池澤夏樹の、おそらく近年の最高傑作「アトミック・ボックス」毎日新聞社2014/2

①アメリカがベトナムで地雷を多用したのは、ベトナム社会の「ケアの倫理」を悪用しようとしたのだろう。
「死んでしまえば、葬儀と悲嘆で終わってしまうが、障碍を得て生き残ったら周囲はずっと世話しなければならない。それだけ敵の社会の負担が増し戦争継続の力が奪われる。」332ページ
自分の国は徹底的に自己責任原則を貫きながら、他国に発達したケアの倫理につけ込む。そこには人間の顔は見えない。怪物が生臭い息をしながらこちらを伺っている気がする。
池澤夏樹の、おそらく近年の最高傑作「アトミック・ボックス」毎日新聞社2014/2を読みながら、ふと思ったことである。

②「2025年からピークを迎える高齢者の大群」という日本社会の邪魔な構造物。これを効率良く、自助と互助という美名で片付けよう、あわよくばそこでも大資本に一儲けさせようというのが、政府の地域包括ケアという陰謀。
本格的に「健康権という正義」と「ケアの倫理」による人間の結びつきを打ち立てるべき時代の到来だというのが、僕たちの地域包括ケアという何も隠すことのない構想。
健康権という正義のまえに原爆や原発がありえないことも常識である。
これも、池澤夏樹「アトミック・ボックス」を読みながら考えたこと。
しかし、この小説を読んでいると、やはりなるべき物は小説家だったと思ってしまう。いつもの妄想だが。
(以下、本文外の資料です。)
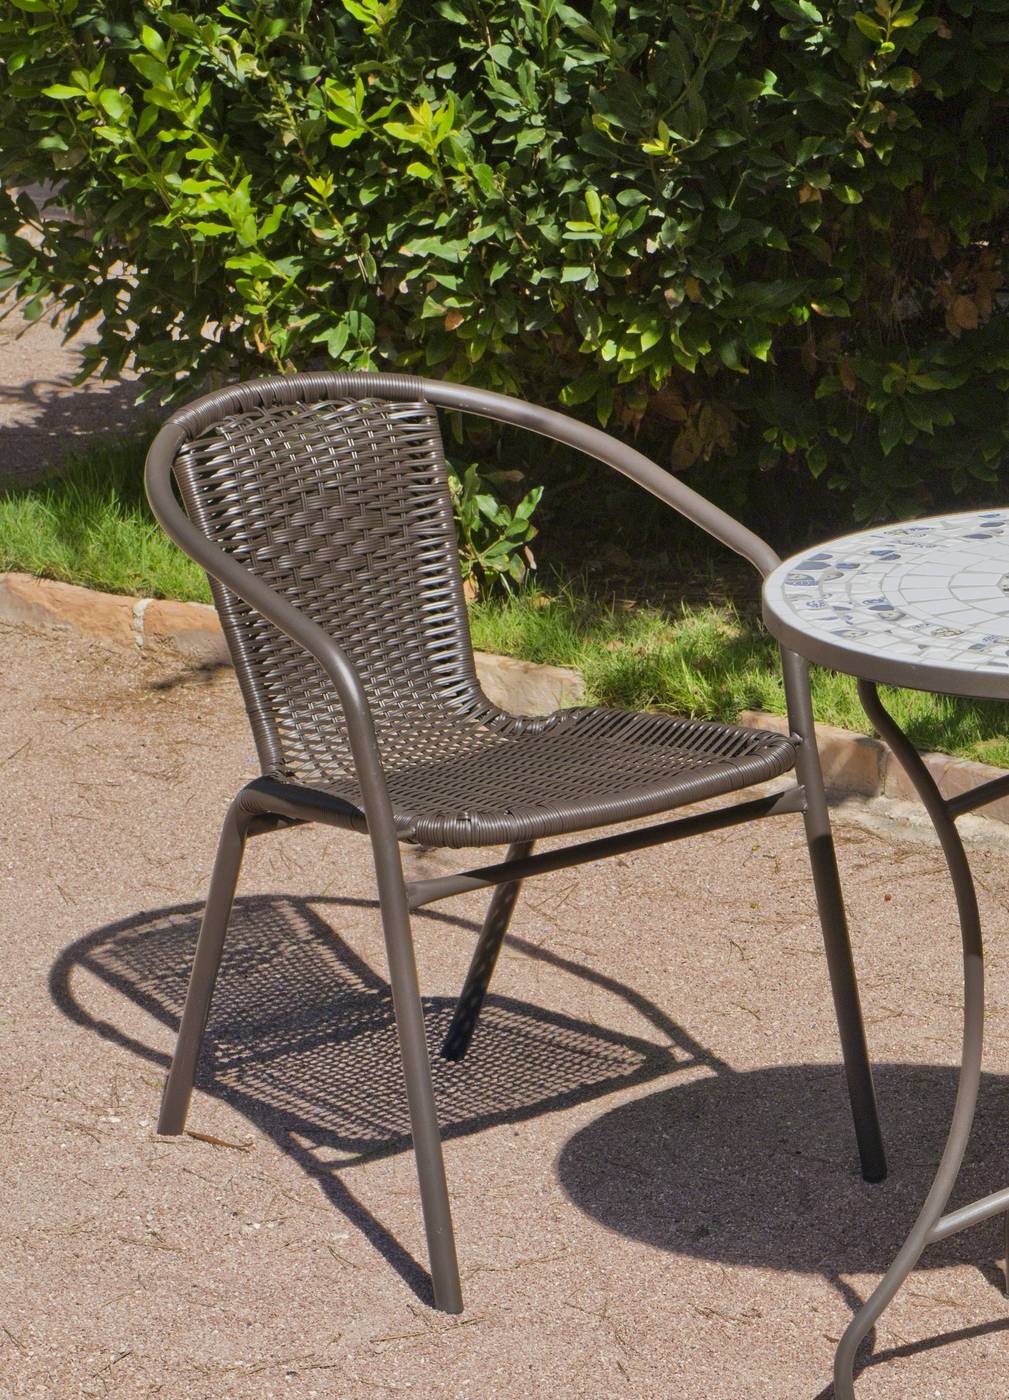 Set Acero Brasil-90 - Conjunto de acero color bronce: mesa redonda de 90 cm. Con tapa de cristal templado y 4 sillones apilables de wicker reforzado

③池澤夏樹の最新の冒険小説「アトミック・ボックス」毎日新聞社2014/2の最後。
主人公の若い 女性社会学研究者が、命がけの逃避行の後、発見するテーマが「人間の安全保障」。
武装する国家の論理を否定する思想。
(愚かしい日本医師会は「国家の安全保障は自衛隊と日米安保、人間の安全保障は社会保障、同じくらい金をかけなくては」といい曲げていたが、それは否定されるべき古い福祉国家の上手なスローガンになっている)
この言葉は、民医連の新しい「提言」の最後にも出てきます。そういう意味では「提言」理解の参考書として、この小説を指名したい。
そして、「提言」を広げて行こうとする時、いま一番読んでもらいたい文学者といえば池澤夏樹だ。
秋の保団連医療交流集会の記念講演者にもう決まっている。
そういう眼力では、全日本民医連は保団連に勝てたことがないな。